Five-run verification

Benchmark claims rerun, compared, and stress-checked for repeatability.

This page is the reproducibility layer for the current SCBE benchmark claims. Each benchmark was rerun five times under the same code and corpus, then compared against the previously saved artifact. The goal here is not hype. The goal is to separate repeatable findings from one-off excitement.

Repeats: 5

Control: ============================== 4 passed in 0.74s ==============================

Generated: 2026-03-24T06:45:36.537377+00:00

Repo map

Research hub

Hyperbolic helix

1.7618

Mean helix separation across five reruns. This exactly reproduced the saved baseline and remained 56.7% above the flat baseline on the same benchmark.

Null-space ablation

85.7% → 100.0%

Null space closes the missed attacks in the ablation, but it also drives held-out false positives from 0.0% to 100.0%. That makes it a secondary feature, not a universal gate.

Unified triangulation

75.8%

Mean attack detection rate over five reruns. The script was stable, but this unified stack still underperformed the simpler high-precision gate.

Scientific verdict

5 / 5

All benchmark scripts reproduced exactly across five reruns. The reproducibility is strong. The promotion decision is still selective: helix separation survives, null-space helps only in the uncertain zone, and the simpler gate remains the cleanest detector.

Scientific method

Step	What was done
1	Loaded the prior artifact for each benchmark as the baseline snapshot.
2	Reran each benchmark script five times under the same code and corpus.
3	Captured top-level metrics after every run and computed mean, std, min, and max.
4	Compared repeated values against the baseline artifact rather than a memory of earlier claims.
5	Ran a deterministic adversarial regression lane as a control test.

Repeatability table

Benchmark	Metric	Baseline	Mean	Verdict
semantic_vs_stub	semantic_detection_rate	0.6703	0.6703	Exact reproduction
semantic_vs_stub	stub_detection_rate	0.8022	0.8022	Exact reproduction
hyperbolic_helix	helix_separation	1.7618	1.7618	Exact reproduction
hyperbolic_helix	flat_recall	0.5292	0.5292	Exact reproduction
unified_triangulation	detection_rate	0.7582	0.7582	Exact reproduction
unified_triangulation	false_positive_rate	0.1333	0.1333	Exact reproduction
null_space_ablation	e4_detection_rate	0.8571	0.8571	Exact reproduction
null_space_ablation	null_detection_rate	1.0	1.0	Exact reproduction
null_space_ablation	null_holdout_fp_rate	1.0	1.0	Exact reproduction

The most important result here is reproducibility.

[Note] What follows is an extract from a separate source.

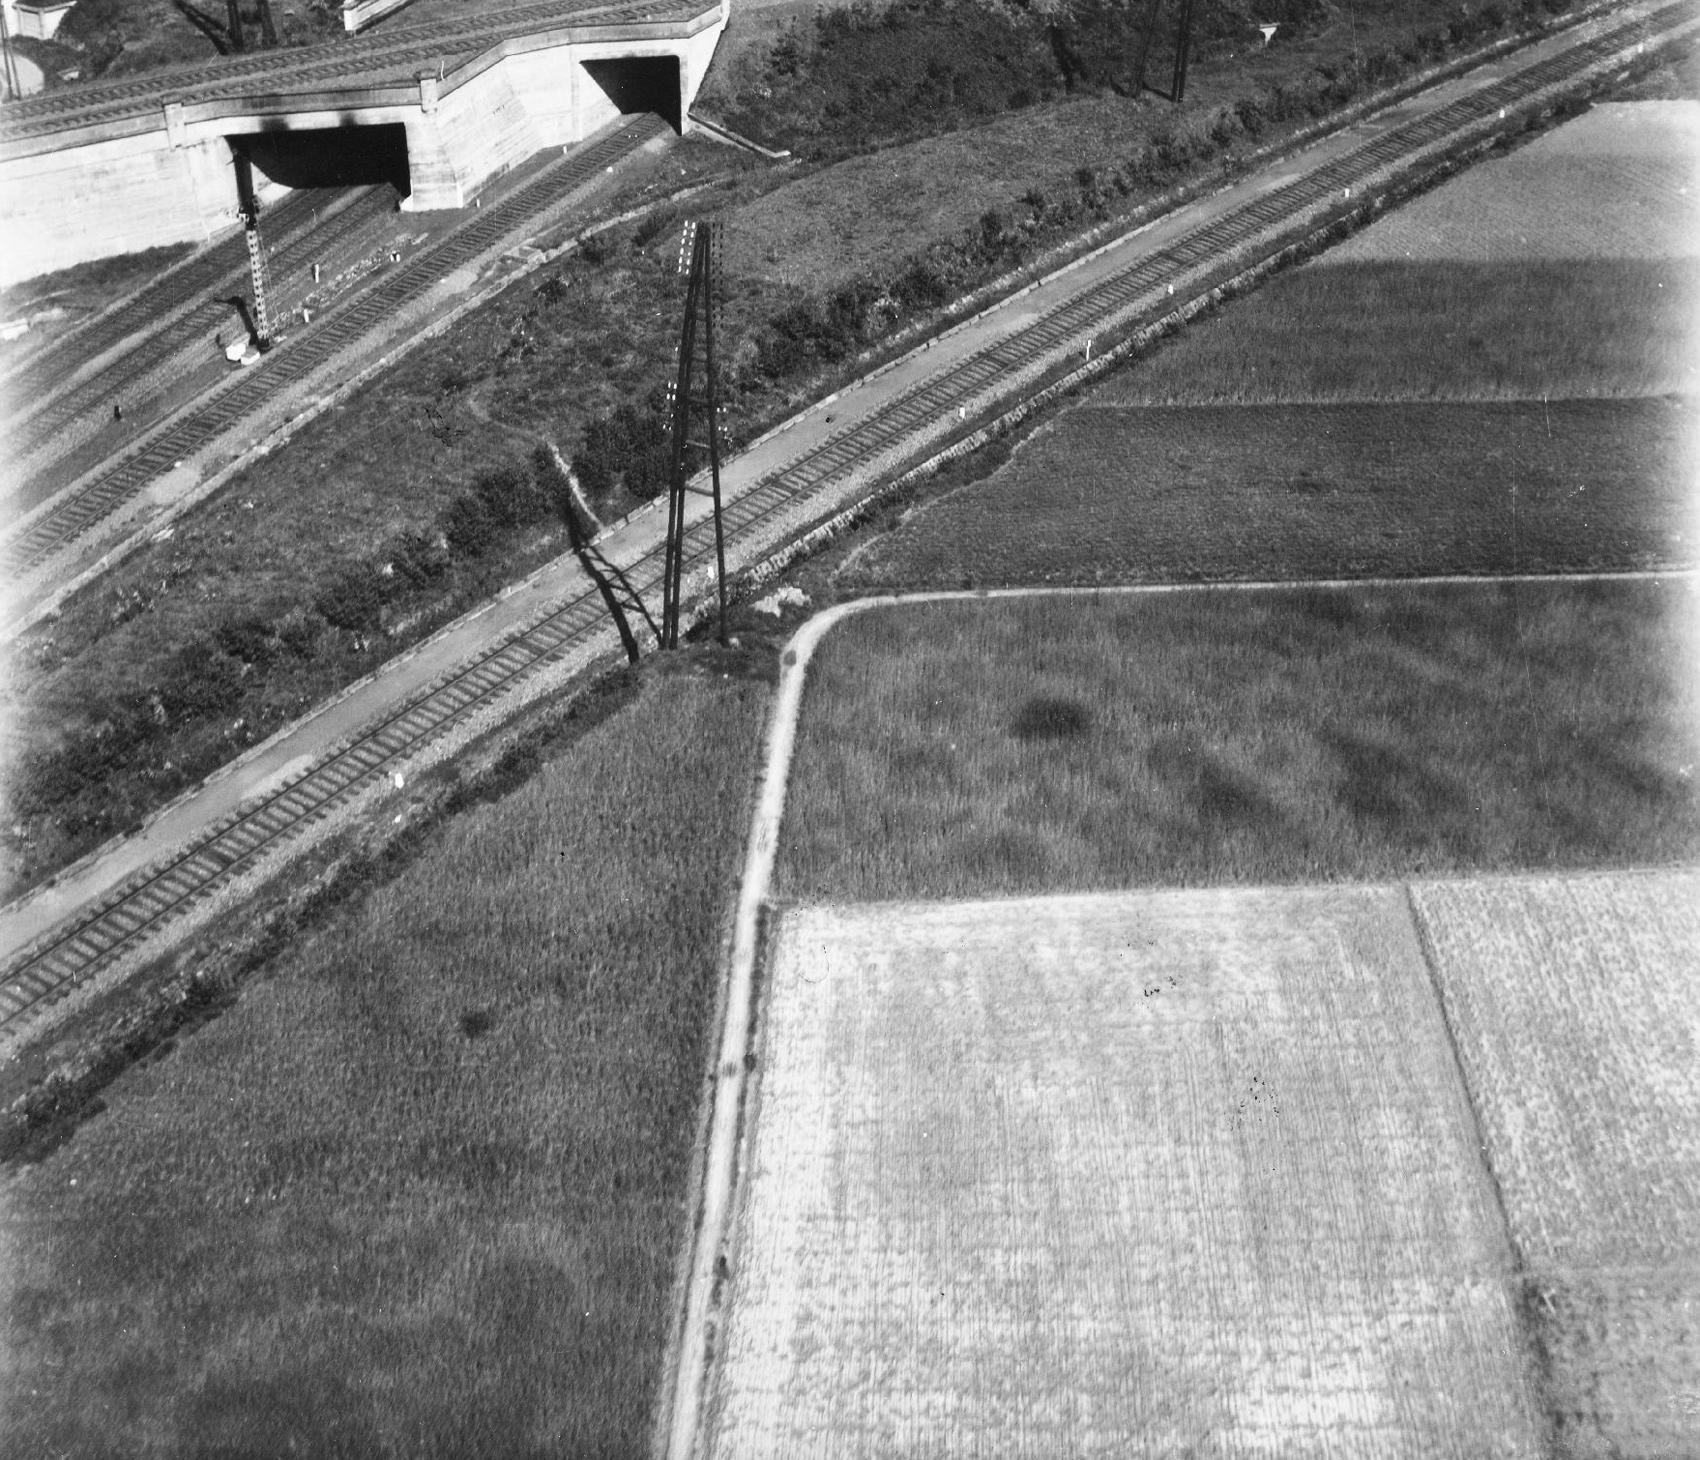 Luftbild der Bahnstrecke zwischen den Stationen Liedekerke und Essene-Lombeek bei Denderleeuw (Belgien)
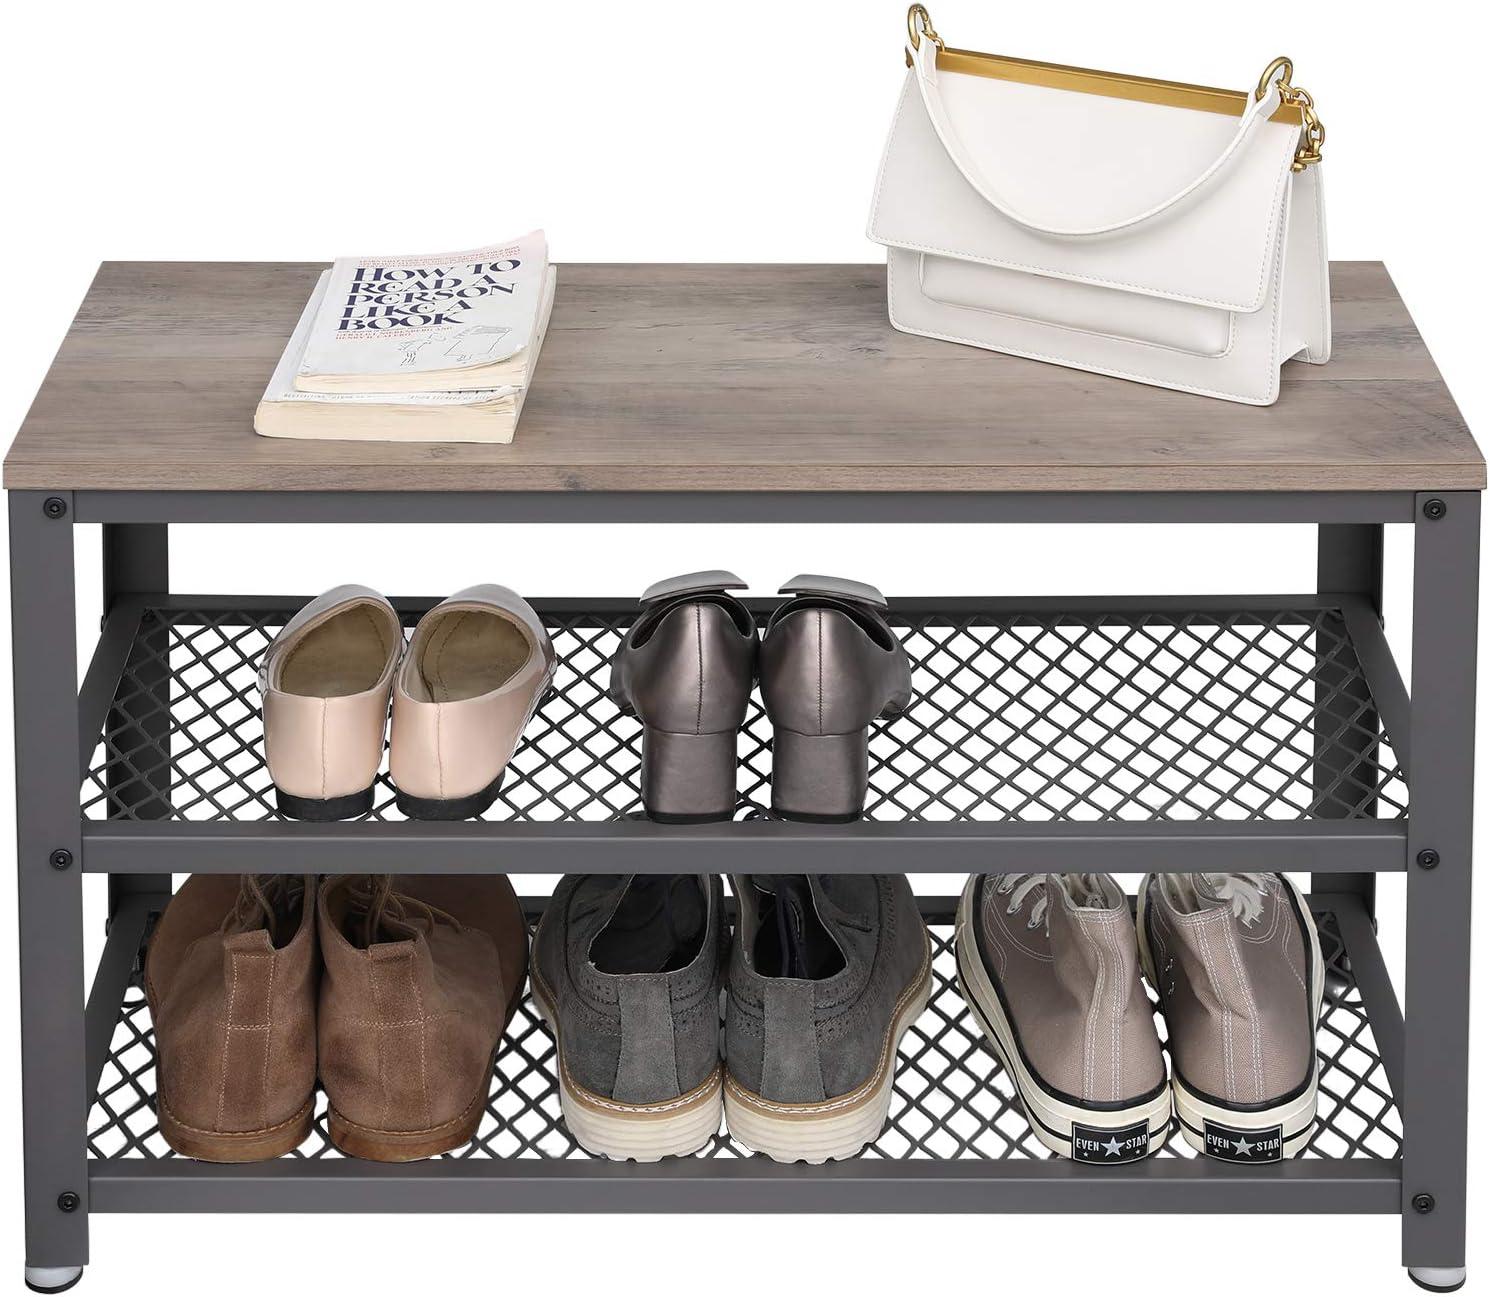 VASAGLE Banco para Zapatos Estante de Zapatos de 3 Niveles Organizador de Almacenamiento con Asiento y Estantes Greige y Gris

The measurements repeated exactly across five reruns. The strongest geometric claim that survived this check is the helix separation advantage. The strongest practical warning that survived this check is that null-space should be routed only into the uncertain zone, because the universal-gate version buys perfect attack catch at the cost of perfect held-out false positives.